After all, saving begins with delayed gratification. Having earned $10, you really have only two choices: You can use it for consumption--getting pleasure or comfort right now from a movie ticket or plate of sushi or plaid shirt--or you can invest it. When you invest, you turn your money over to be transformed into a factory or a ton of steel or the windows of a new school. There is no immediate benefit for you.
Investing also rewards faith and trust. Since you are handing over your money to someone else, you can't be completely sure what will happen to it. For that reason, investing is closely linked to the rule of law and a culture based on honesty and accountability.
The hope is that if you put your money away, you will have a good deal more of it in the future, so that, having postponed your purchase, you will, be able to buy two movie tickets, a plate of sushi plus shrimp tempura, and a classier shirt. The longer you hold your investments, the more valuable they become. Patience pays--literally.
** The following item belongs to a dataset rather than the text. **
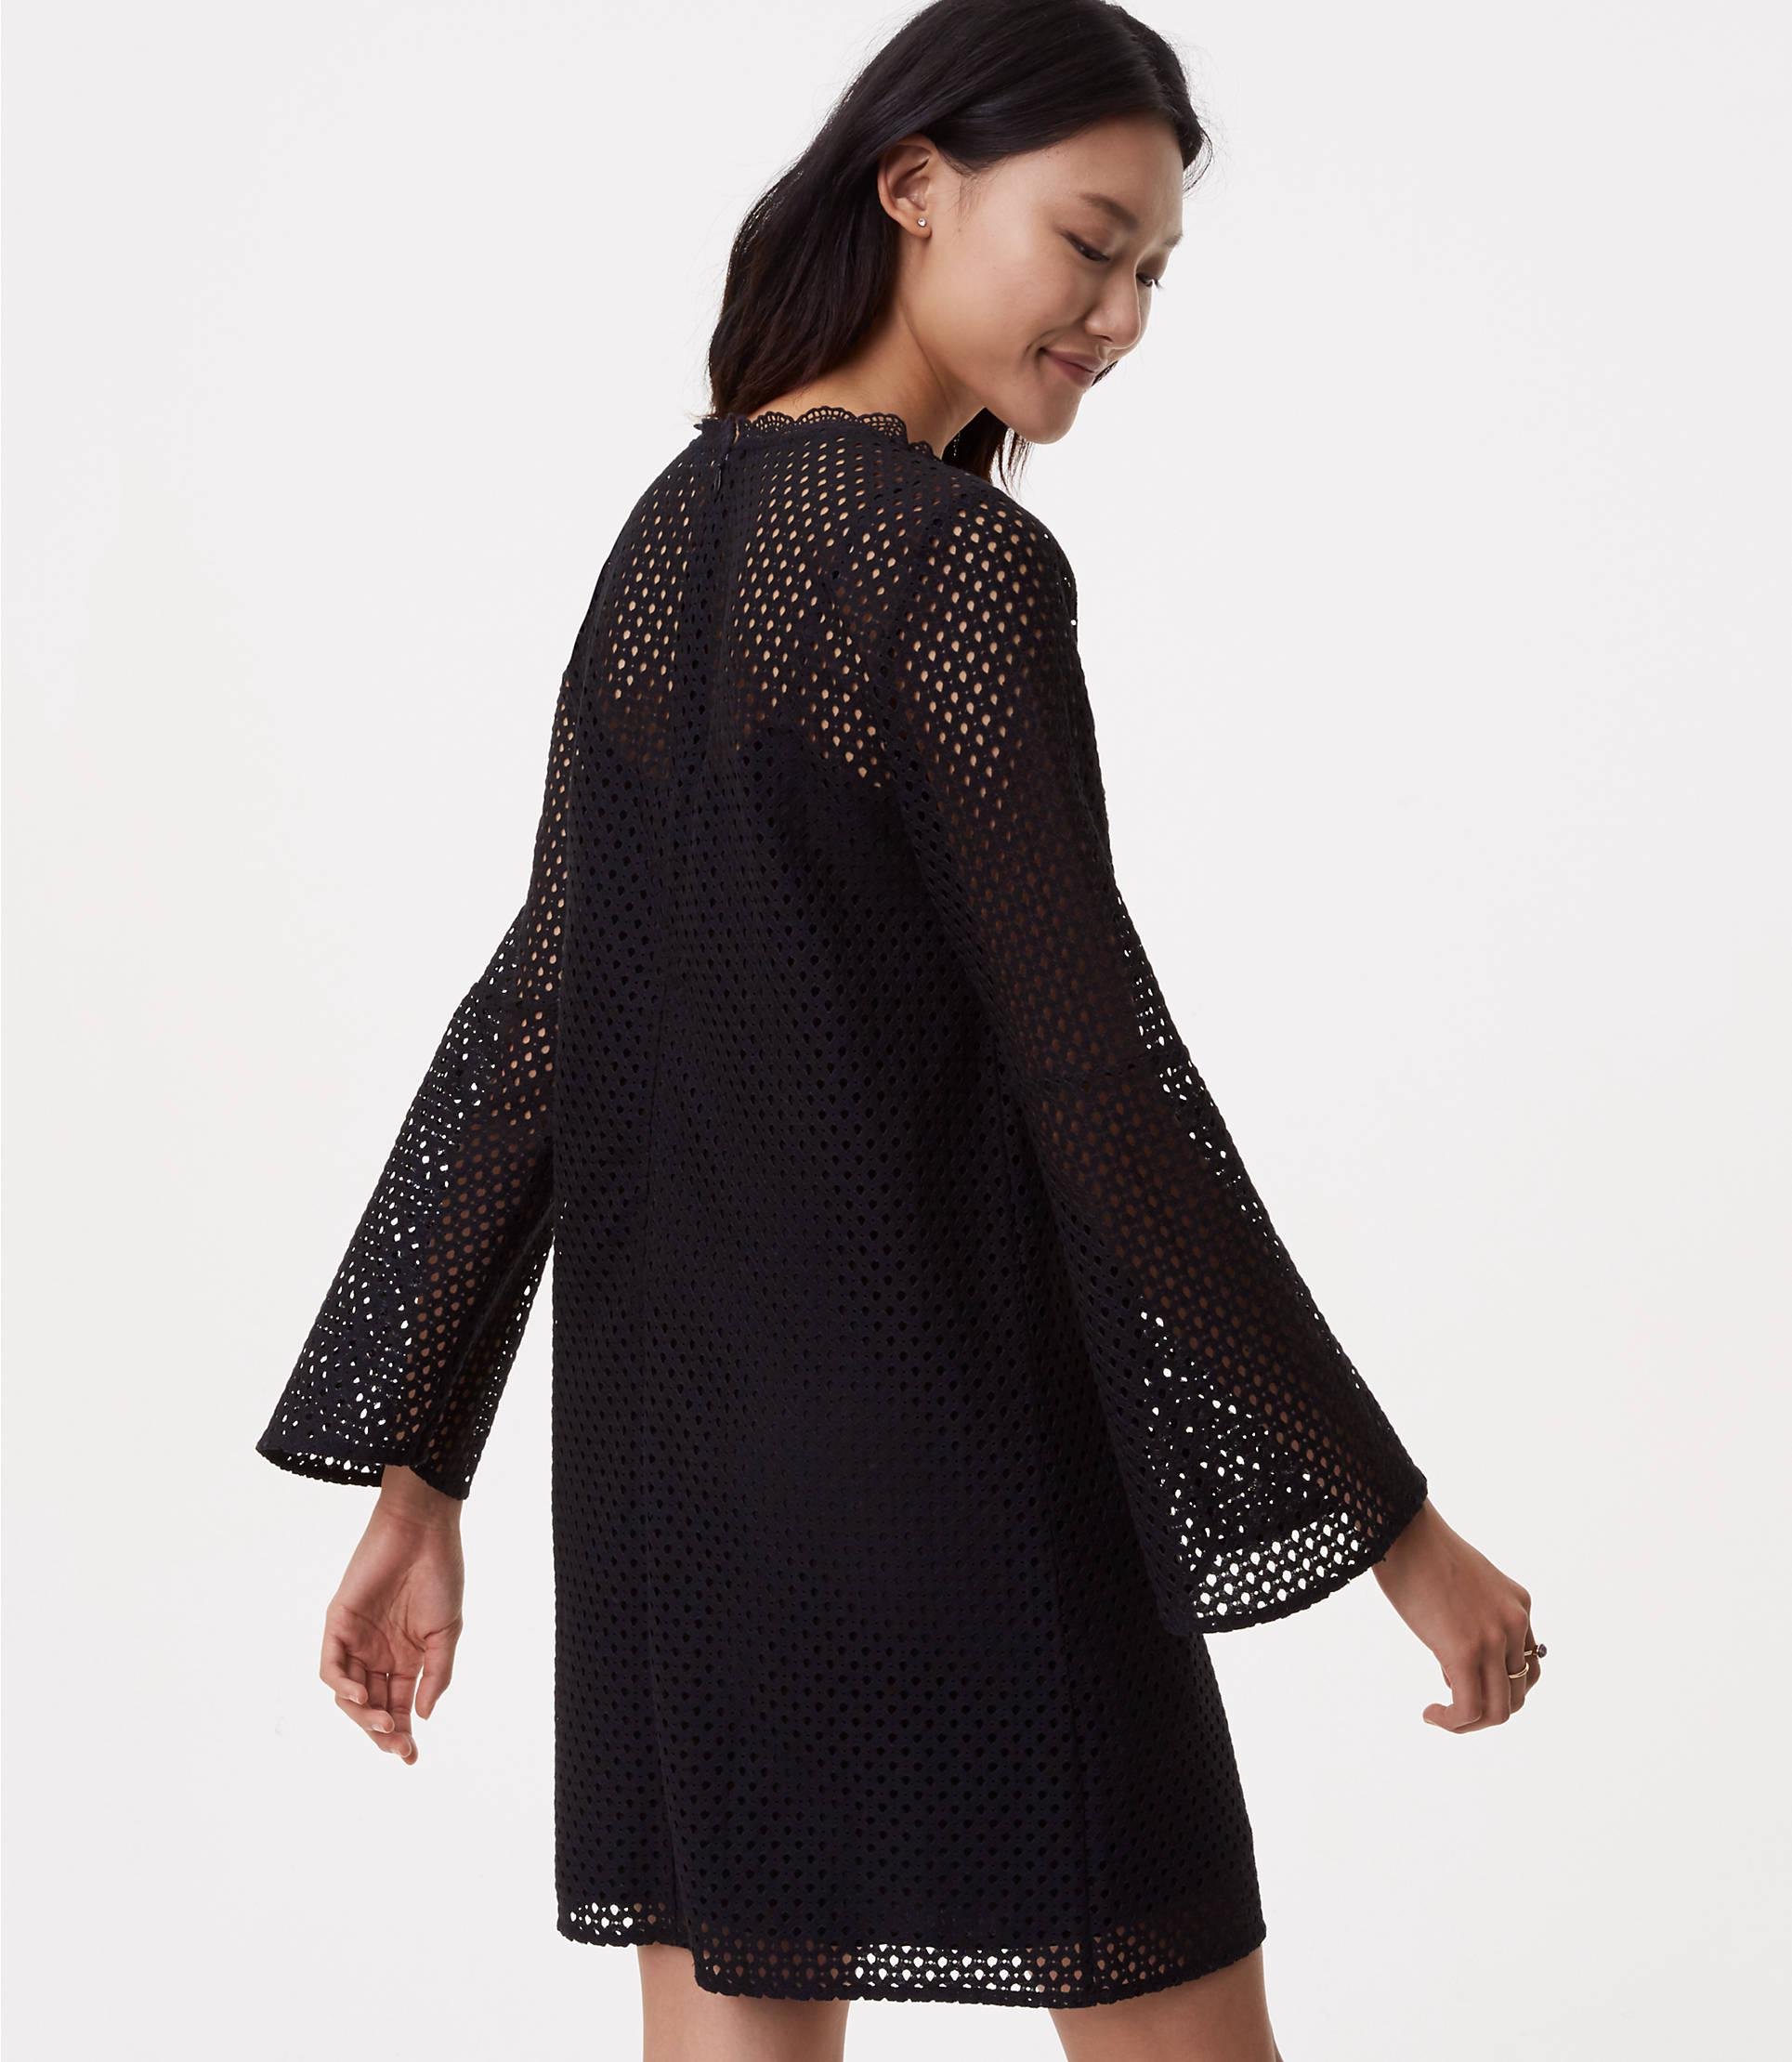 285b30f17d9e LOFT Petite Lace Mesh Bell Sleeve Dress in Black - Lyst

Investors come in two varieties. Outsmarters think the way to make money in the market is to beat the system, buying on tips, selling (somehow) just before the market falls. They don't much care about which companies they choose, only which stocks.
Partakers, on the other hand, try to find good businesses and become partners, sharing in corporate fortunes over the long haul. The reason most outsmarters don't win at finance is that it's not a game you can beat. Yes, a very small number of exceptional traders may get returns a few percentage points better than the market as a whole. You might be born this way, or you might decide to devote your life to becoming a professional stock picker as others become golfers or neurosurgeons. But why? As a partaker, you get nearly all the benefits with little of the risk.
You should also resign yourself to the fact that you cannot predict what stocks will do in the short term. Admitting ignorance is the beginning of wisdom. Burton Malkiel, a Princeton University economist, famously showed that stocks move in a "random walk"--a pattern "in which future steps or directions cannot be predicted on the basis of past actions."